Verteidiger Schöffler zielte in seinem Plädoyer darauf ab, dass das Video nur ein Fake sei und der junge Mann beeinflussbar sei und cool sein wollte. „Es mag sein, dass es ein paar Taten gab“, so der Rechtsanwalt. Aber schädliche Neigungen seien beim Angeklagten nicht erkennbar, er habe eine feste Arbeit und eine Freundin, die ihn auch zur Verhandlung begleitete. Schöffler plädierte darauf, ihn nach Jugendstrafrecht zu verurteilen und seine Strafe auf jeden Fall zur Bewährung auszusetzen.

Die letzte Chance, um zu seinen Taten selbst Stellung zu nehmen, nutze der Angeklagte in seinem Schlusswort. Er wolle sich entschuldigen für das, was er getan habe. Er versprach, sich zu bessern, da er seine Arbeit möge. Richter Pfrommer erkannte diese Entschuldigung des Giengeners in seiner Urteilsbegründung auch an. „Wir gehen davon aus, dass dieses Kapitel für ihn abgeschlossen ist“, sagte er im Namen des Jugendschöffengerichts. Geurteilt wurde allerdings nach Erwachsenenstrafrecht, sodass der 21-Jährige in den normalen Strafvollzug kommen würde, wenn er gegen seine Bewährungsauflagen verstößt oder noch einmal straffällig wird.

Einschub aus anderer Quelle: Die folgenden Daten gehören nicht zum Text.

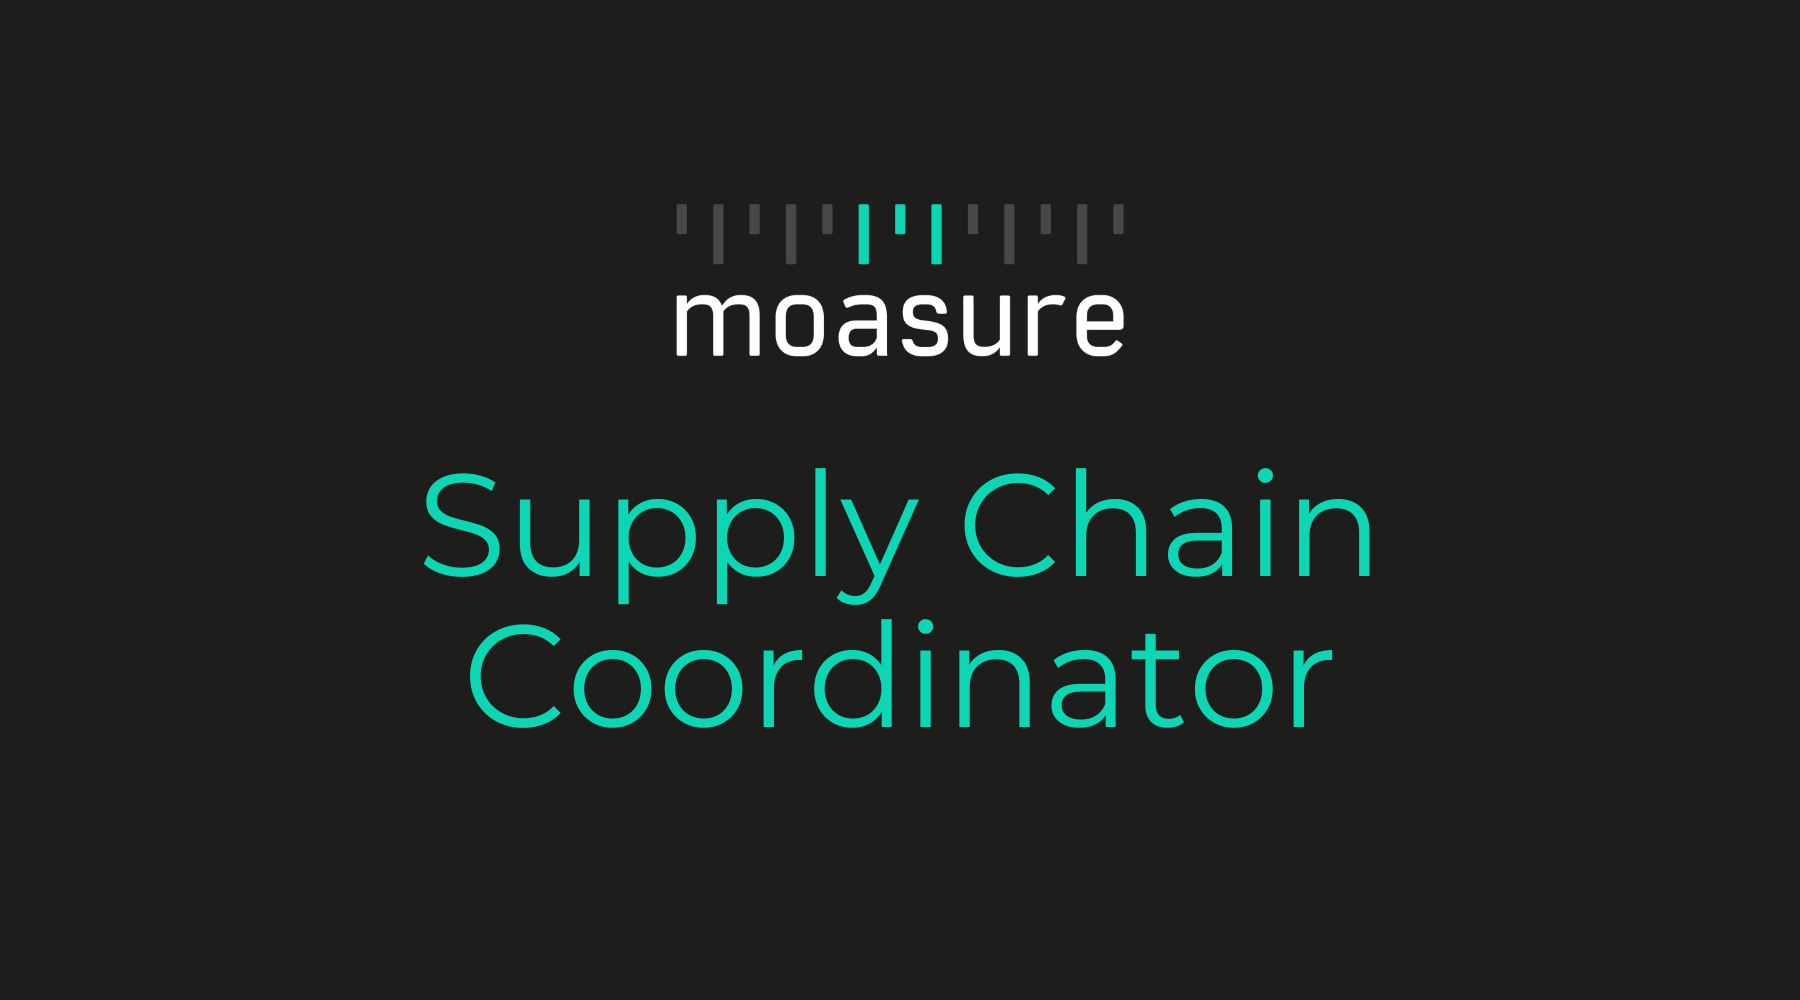 Supply Chain Coordinator
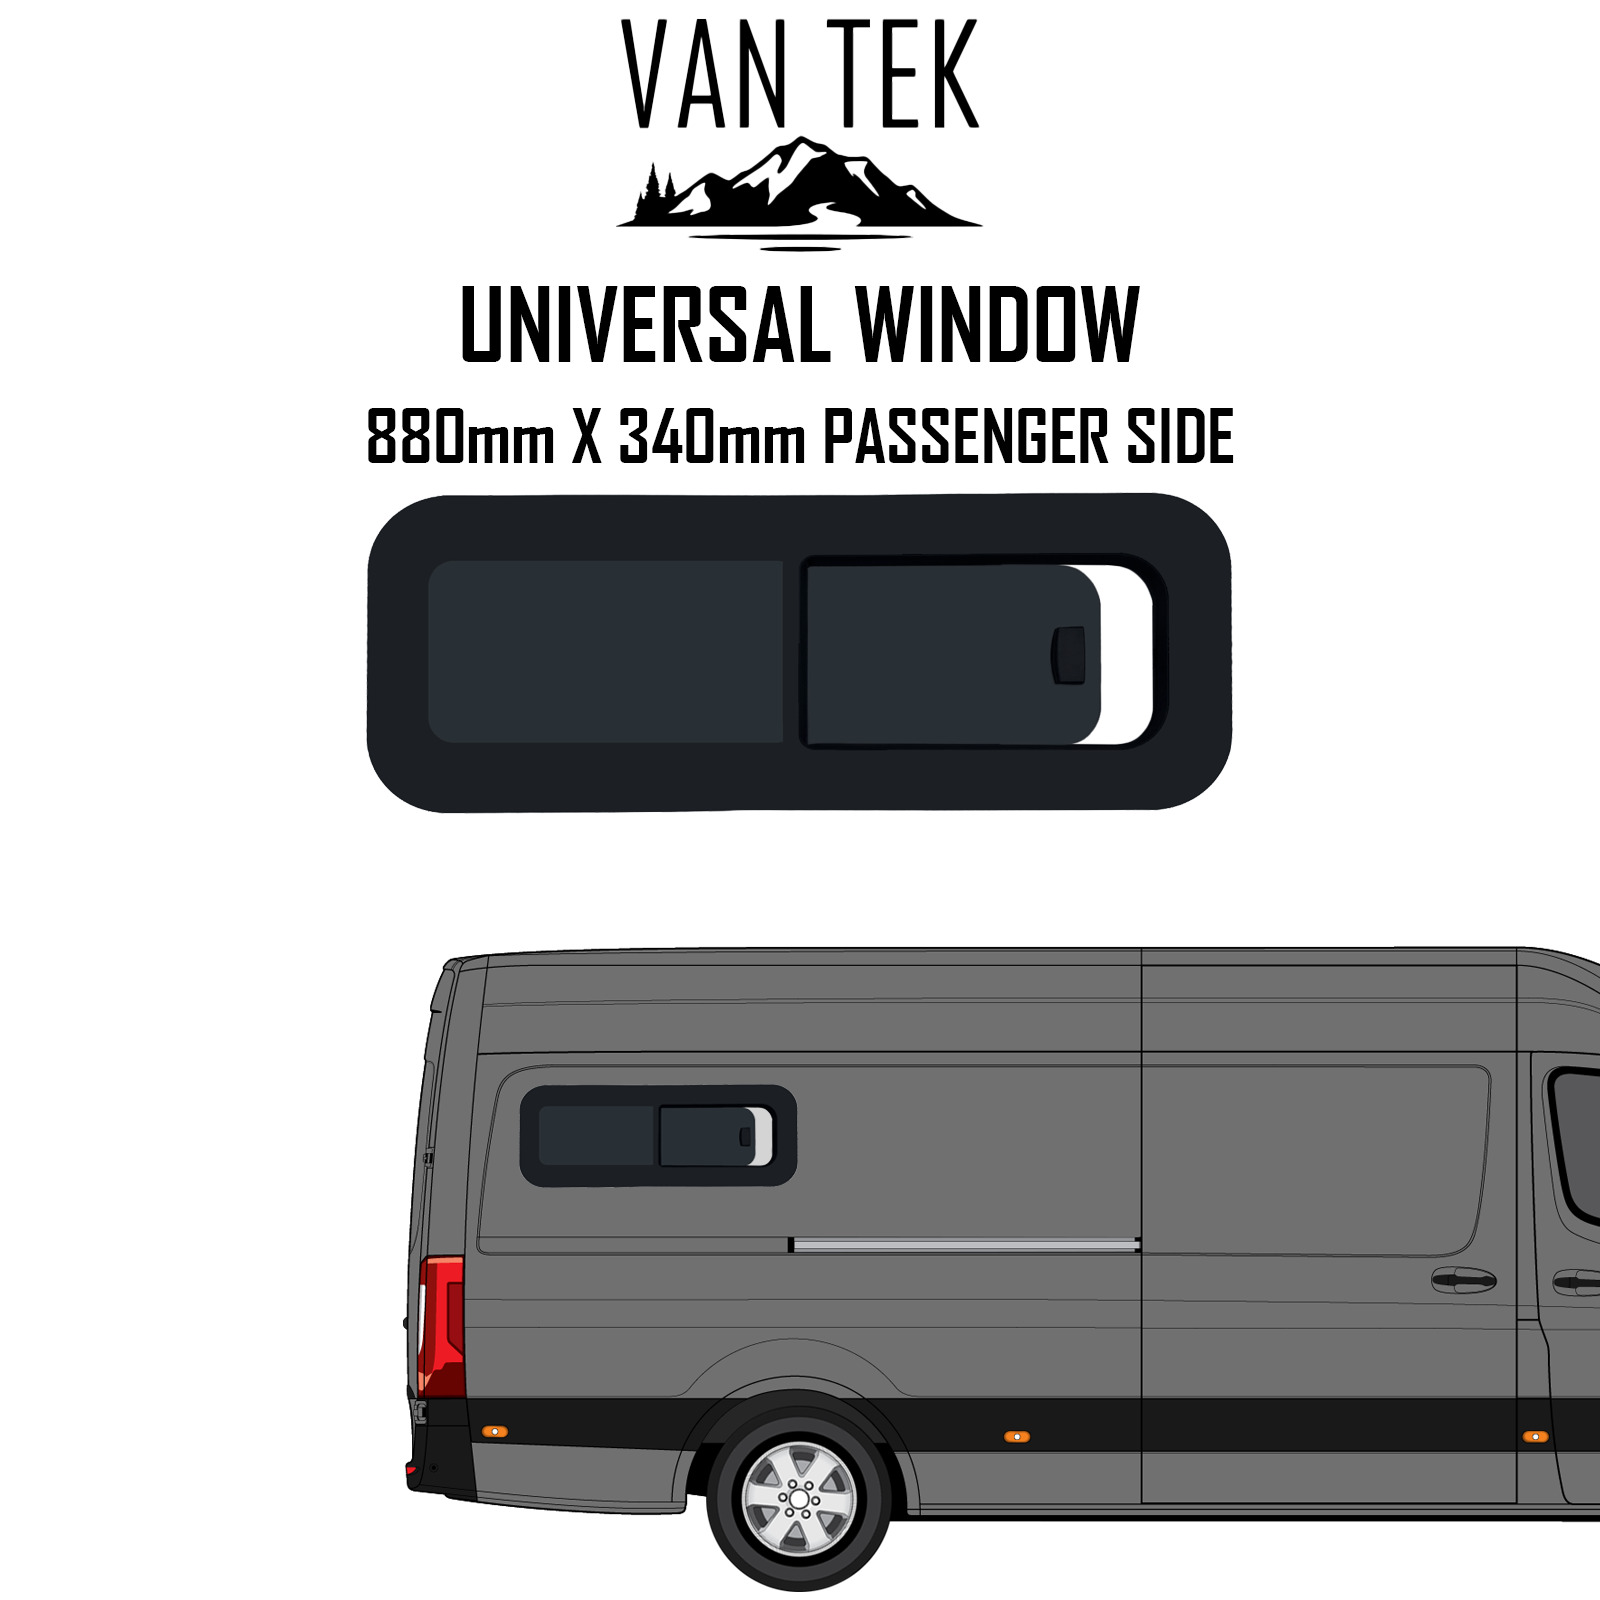 Universal Passenger Side Sliding BUNK window 880mm x 340mm  Van Tek Glass

Cannabis-Legalisierung steht bevor

In Deutschland soll der Besitz von Cannabis legalisiert werden. Der Gesetzentwurf sieht vor, dass Erwachsene ab 1. April 25 Gramm der Substanz straffrei besitzen dürfen. Privat sollen maximal drei Pflanzen angebaut werden dürfen. In Cannabis-Clubs sollen Vereinsmitglieder die Droge gemeinschaftlich anbauen und gegenseitig abgeben dürfen. Der unerlaubte Handel mit Cannabis soll aber weiterhin bestraft werden, insofern wären die Taten, für die der 21-Jährige verurteilt wurde, auch in Zukunft gesetzwidrig.